■ **DATA SUPPLIED**
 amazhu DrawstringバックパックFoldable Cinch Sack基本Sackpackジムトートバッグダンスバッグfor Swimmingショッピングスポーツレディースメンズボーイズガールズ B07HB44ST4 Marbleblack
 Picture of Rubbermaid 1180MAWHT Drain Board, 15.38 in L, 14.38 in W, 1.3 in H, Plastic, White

* * *

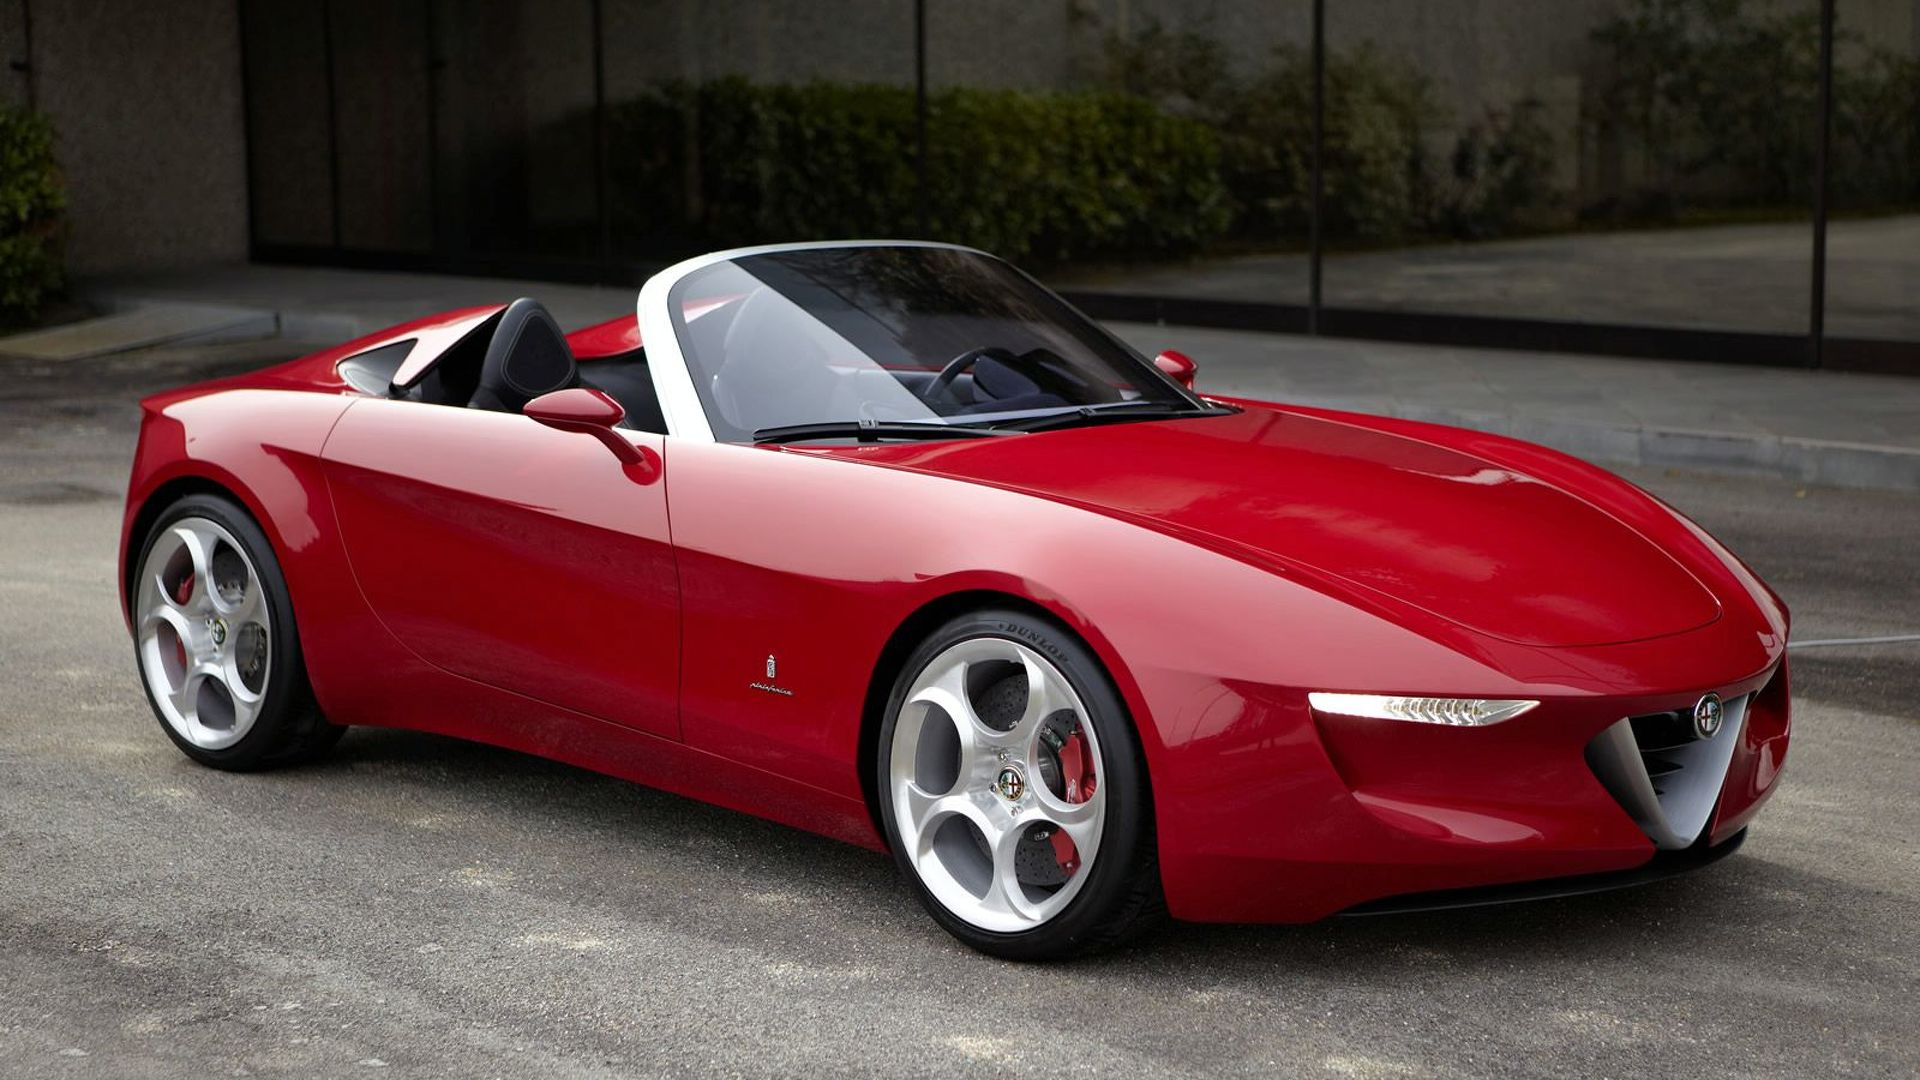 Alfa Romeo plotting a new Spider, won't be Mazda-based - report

* * *

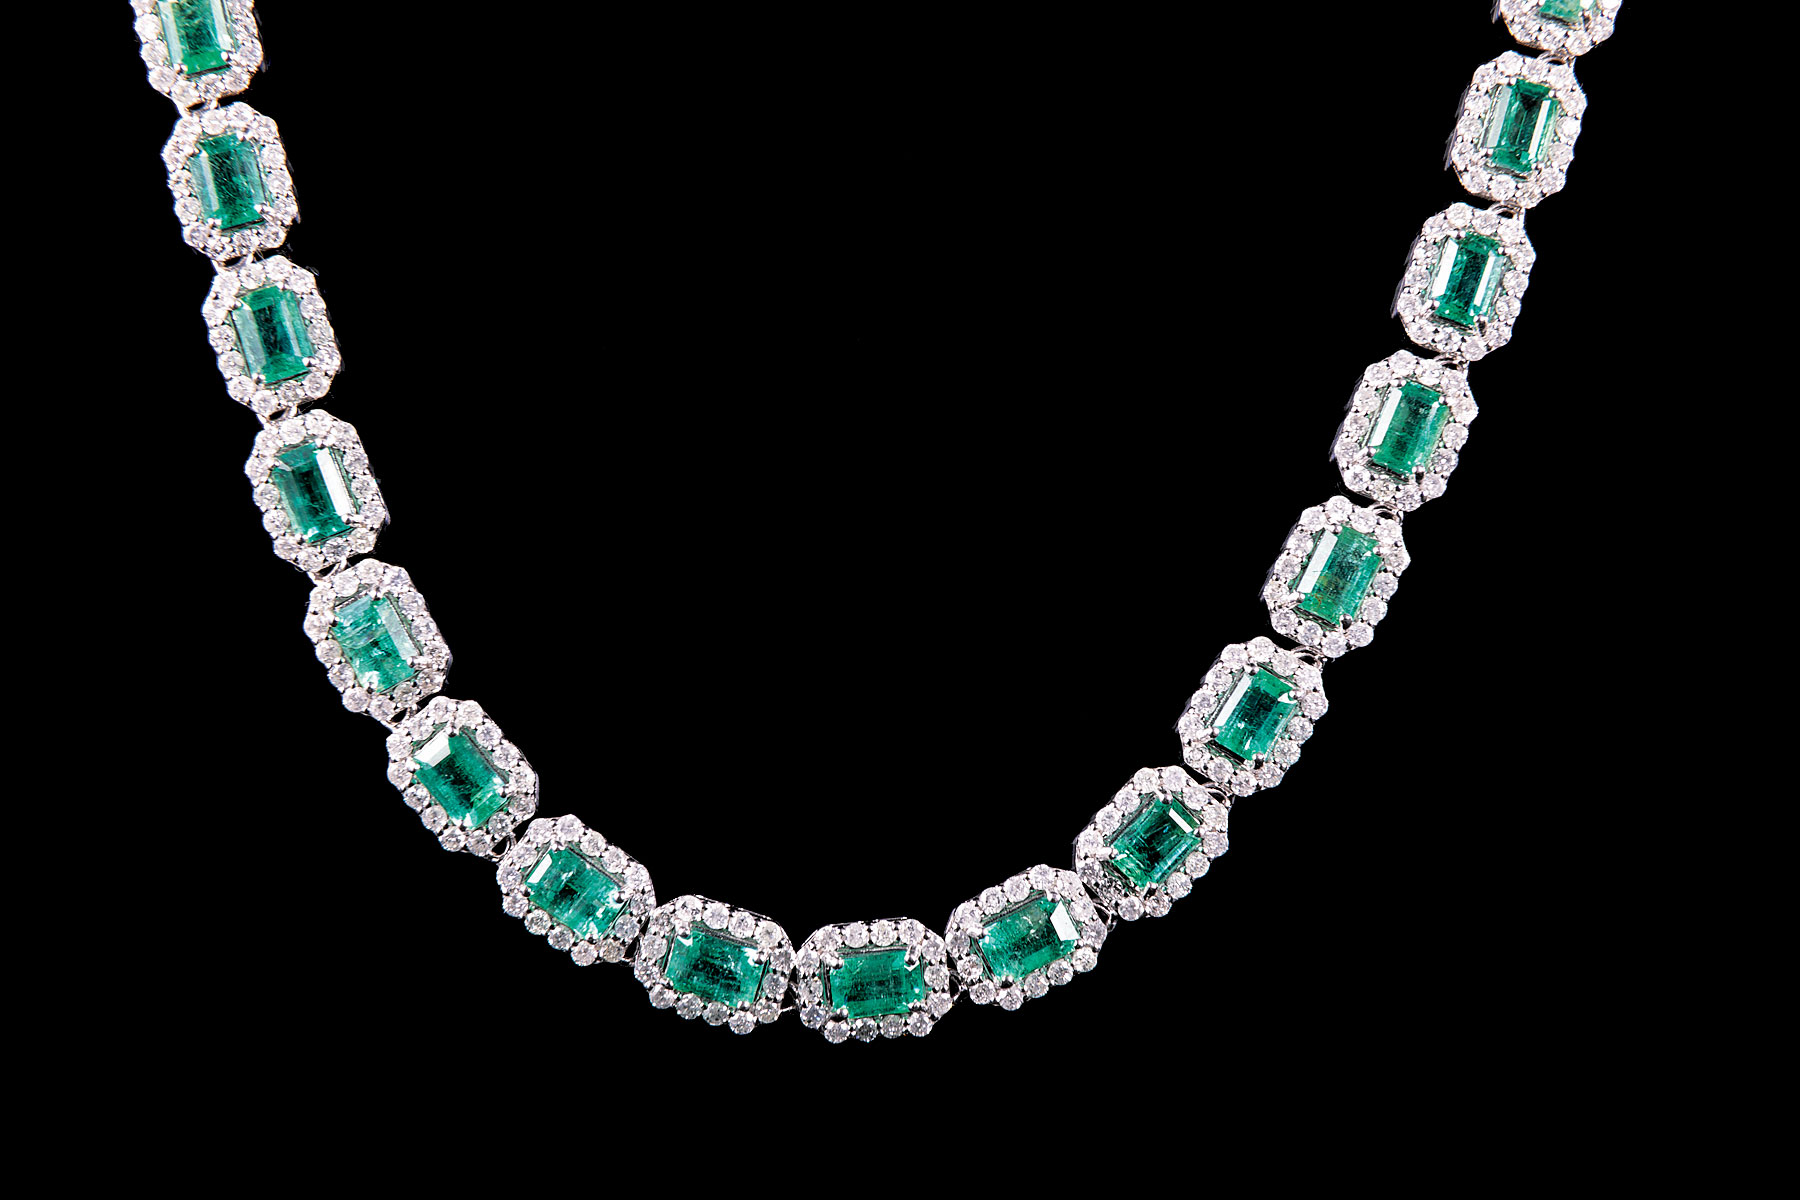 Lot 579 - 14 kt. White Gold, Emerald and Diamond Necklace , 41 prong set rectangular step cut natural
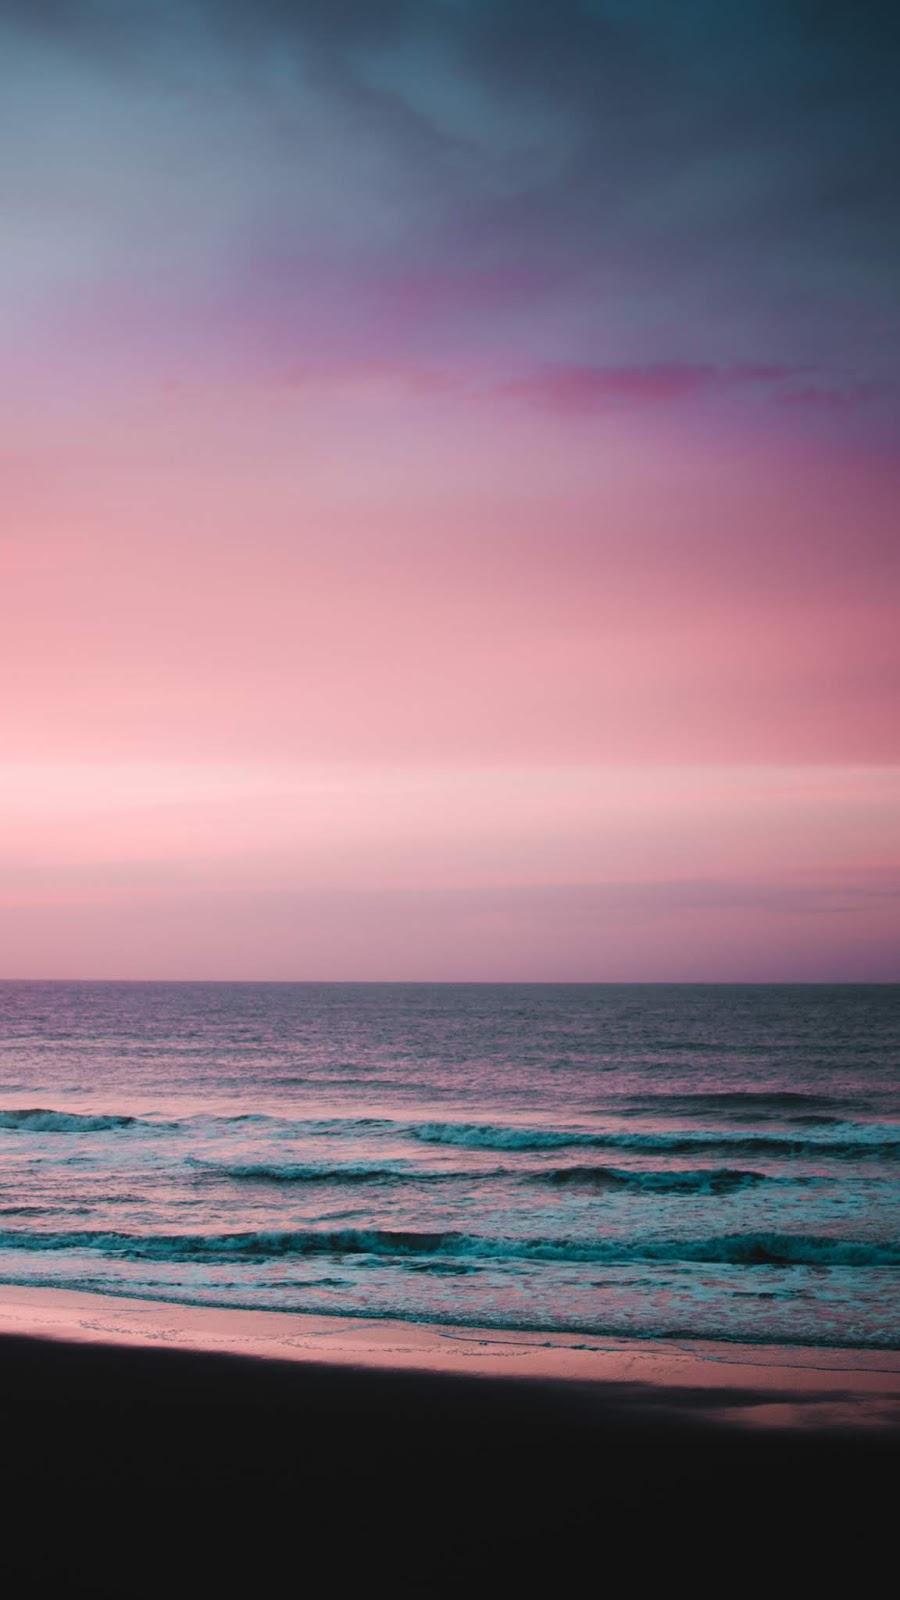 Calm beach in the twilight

■ **PROBLEM**
The answer is the lines above between the line holding "amazhu DrawstringバックパックFoldable Cinch" and the line holding "Picture of Rubbermaid", inclusive, each written out exactly, and no others.

■ **ANSWER SECTION**
 amazhu DrawstringバックパックFoldable Cinch Sack基本Sackpackジムトートバッグダンスバッグfor Swimmingショッピングスポーツレディースメンズボーイズガールズ B07HB44ST4 Marbleblack
 Picture of Rubbermaid 1180MAWHT Drain Board, 15.38 in L, 14.38 in W, 1.3 in H, Plastic, White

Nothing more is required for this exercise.